Reproducing the benchmark
To ensure transparency and reproducibility, all resources used in this benchmark are available in our benchmarks repository. We detailed how to reproduce the benchmark on the dedicated Loki page. We're happy to receive PRs as we will continue to improve the benchmarks and progressively add other observability engines: Loki 3.0 and OpenSearch are next on the roadmap.
Conclusion
The benchmark reveal that Quickwit, while slower at data ingestion, performs very well in search, especially for analytics-driven queries. This analysis highlights the trade-offs between Quickwit's intensive indexing phase and its efficient querying capabilities.

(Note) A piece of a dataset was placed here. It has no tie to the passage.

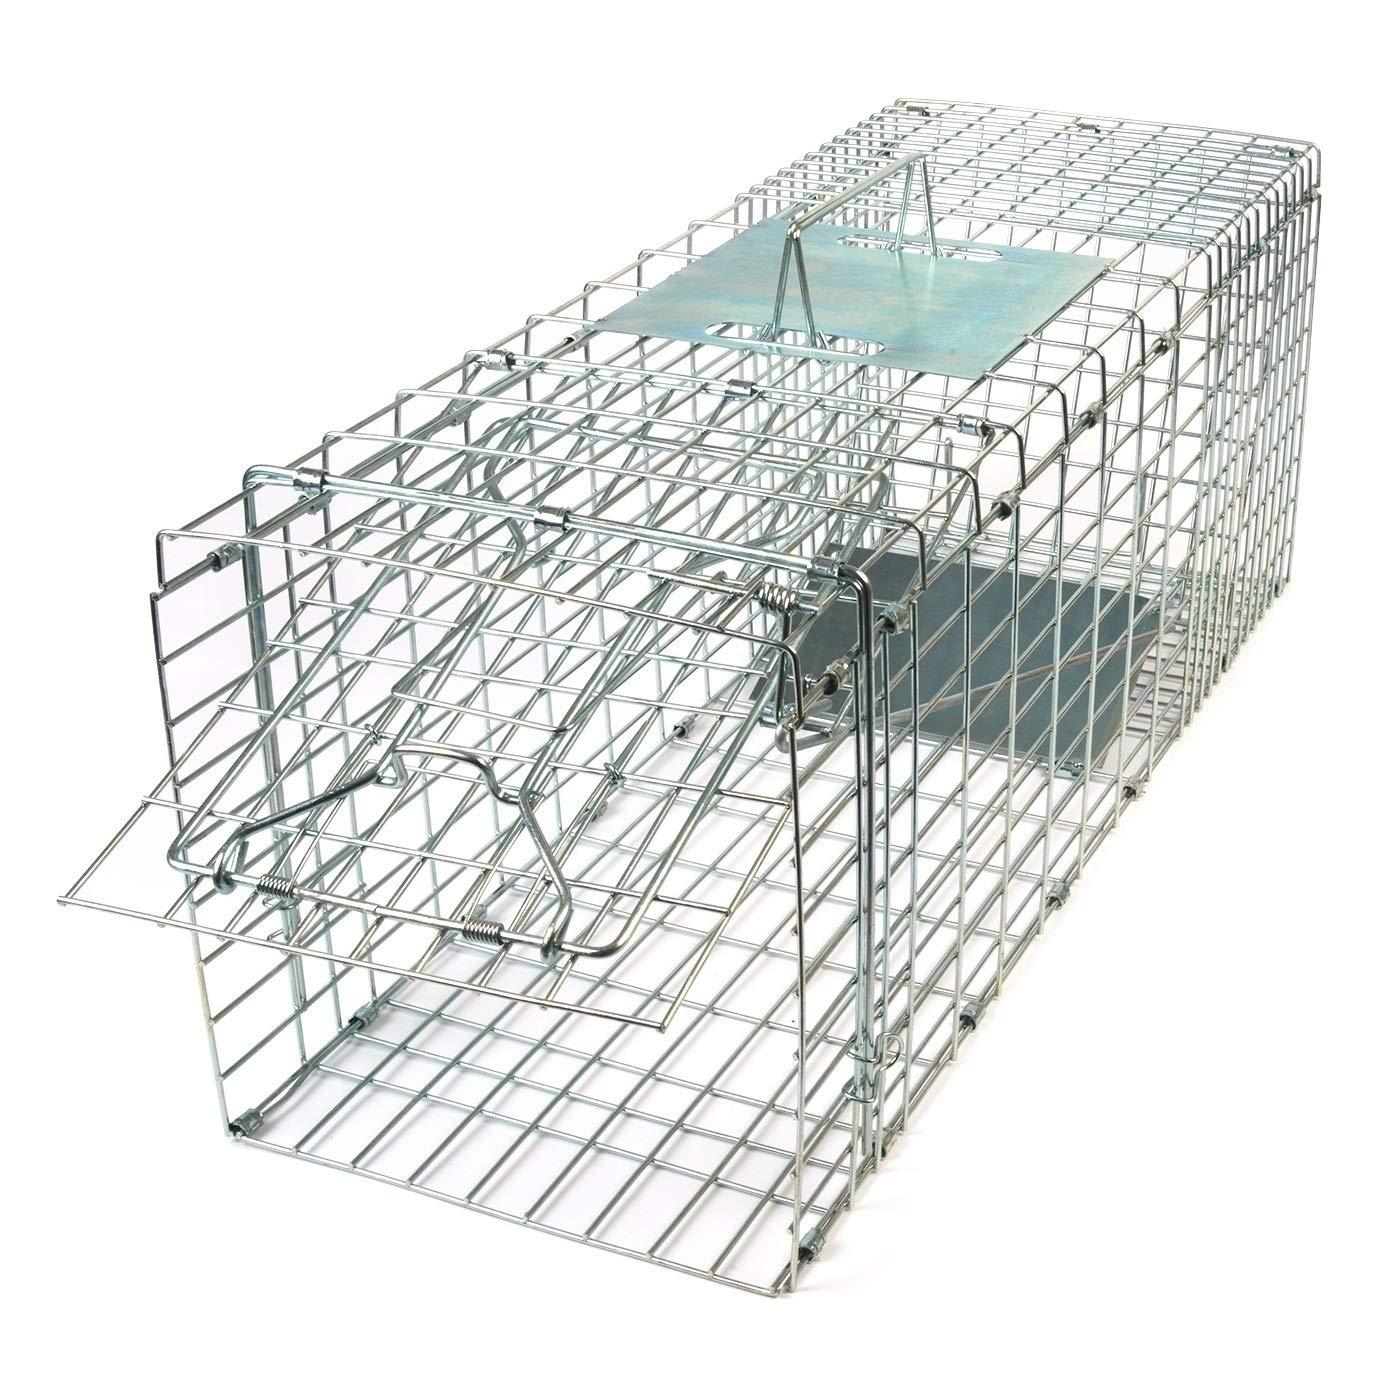 Gardigo - Jaula & Trasportín plegable de metal para mascota | Trampa de captura de animales vivos, gatos, perros, conejos, roedores - 66 x 23 x 26 cm 62360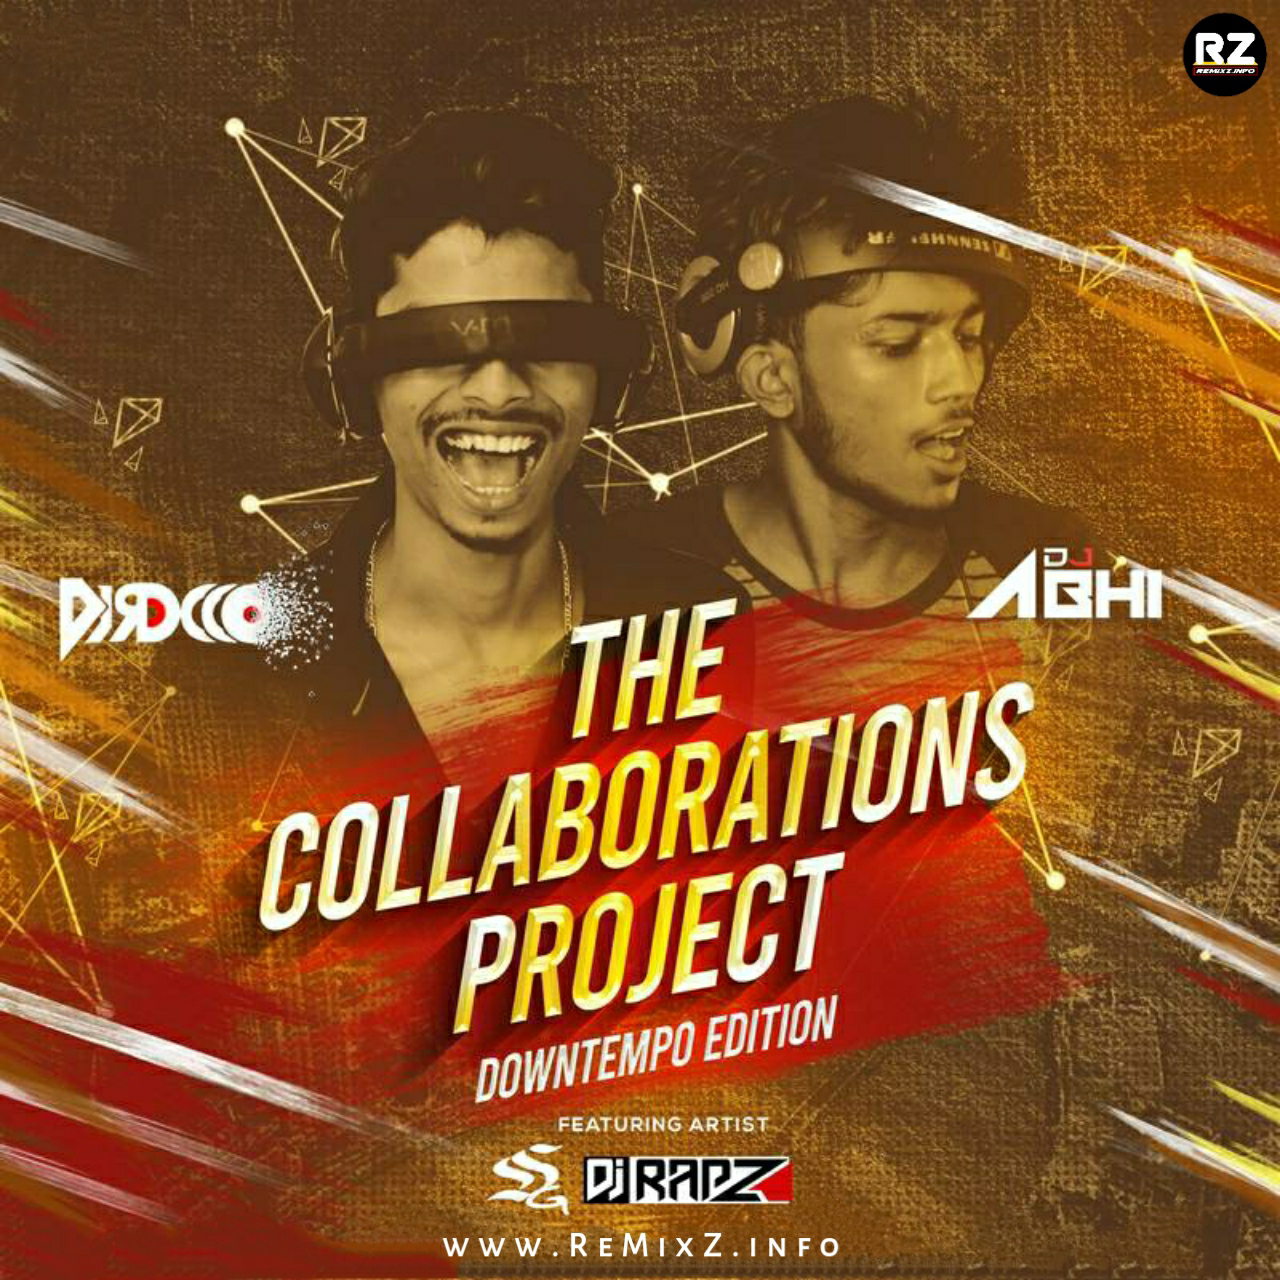 The-Collaborations-Project-DJ-Abhi-X-DJ-Rocco.jpg

Loki's broader query language enables more diverse use cases, which is a substantial advantage despite its slower query performance on large datasets.
As we continue to enhance Quickwit and Grafana does the same for Loki with new features such as bloom filters and Quickwit expanding its query capabilities, the landscape of log search engines will see exciting developments!
Happy testing!
1 Humio was founded in 2016 and is famous for its index-free logging platform. It was acquired by Crowdstrike in 2021.
2 See the release blog post on scaling indexing and search at petabyte scale.
3 You can do the math yourself: 243,527,673 logs / 145,756 chunks = 1,670 logs per chunk on average; probability of a chunk to not contain the word queen = 1 - (1 - 0.03)^1,670 = 99.99...%.